Why do you feel like a criminal when you haven’t done anything wrong?
In the post-Great Recession world, the task of getting a mortgage loan be difficult and complex. There is much to consider when choosing the right loan for you. By avoiding the pitfalls of others and preparing properly for the process, you can make great strides in an outcome that ultimately serves your financial goals.
Wall Street and consumer protection laws have placed myriad new regulations and statues upon lenders in the last several years. As such, it has complicated the landscape of the lending world.
What you will be asked about today to finalized your loan may at times make you feel like you are suspected in some sort of criminal enterprise that has siphoned funds off to the Cayman Islands. Be assured that you are not the only one that is being singled out. (Not that there is comfort here in numbers).
There is no discrimination in the level of scrutiny applied. All lenders are equal opportunity interrogators. Yet, by teaming up with a reputable and experienced local mortgage adviser, you will find an advocate who will safely guide you past the judge and jury.
In this confusing and pressure-filled atmosphere, it’s easy to make some mistakes. Here are some common ones that lenders see, and what you can do to prevent them.
When you apply for a mortgage, the prediction of your credit performance is measured by a numerical score. Although there are slight differences among the systems used by major credit reporting agencies, the FICO model is the most popular.
The FICO scoring system was developed by Fair Isaac and Company, with the goal of filtering out nonrelevant factors, such as race or gender. This single rating score sums up your credit history, projecting the likelihood of meeting future payments and indicating your level of credit risk.
Higher scores indicate a better credit risk. These scores not only may qualify you for a mortgage, but possibly better mortgage rates as well. As with the other major scoring models (BEACON and EMPIRICA), FICO takes into account the statistics available in your credit report.
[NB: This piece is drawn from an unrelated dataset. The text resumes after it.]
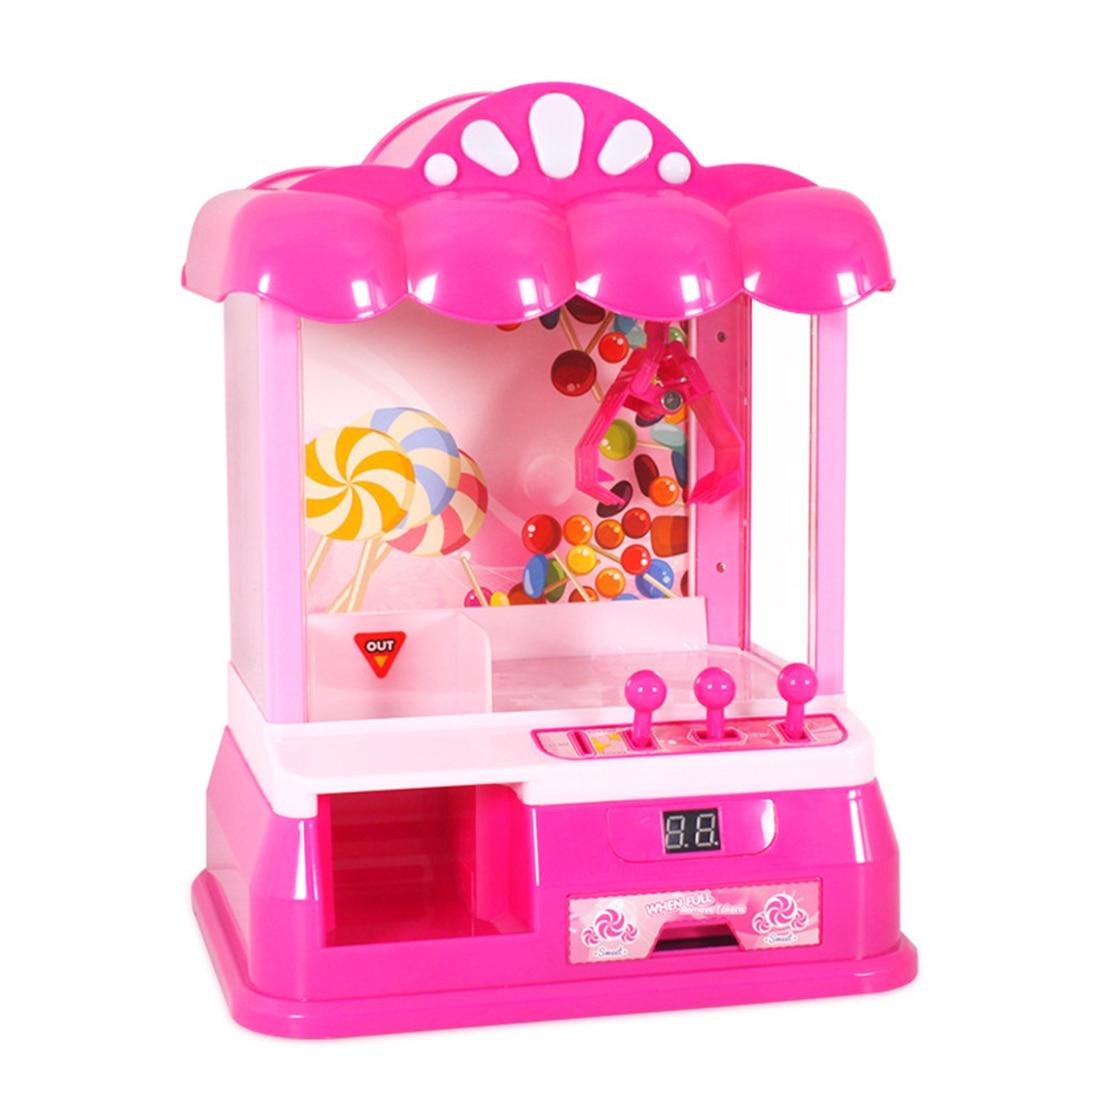 Enfants Mini bonbons Grabber bureau reharging jouet griffe Machine Arcade prix jeu amusant attraper Grabber nouveauté et Gag jouets - 3

Each item of data is assigned a weighted value, resulting in a single score that ranges from 300 (low likelihood of repayment) to 850 (high probability of repayment). A typical rating for a homebuyer might fall within the range of 600 to 800. These credit scores particularly evaluate:
As most of these factors cover a timeline of credit history, there is not much you can do to change your score at the time you are applying for a mortgage. However, you can begin to monitor your credit rating, know what your score is and ensure that the history is recorded.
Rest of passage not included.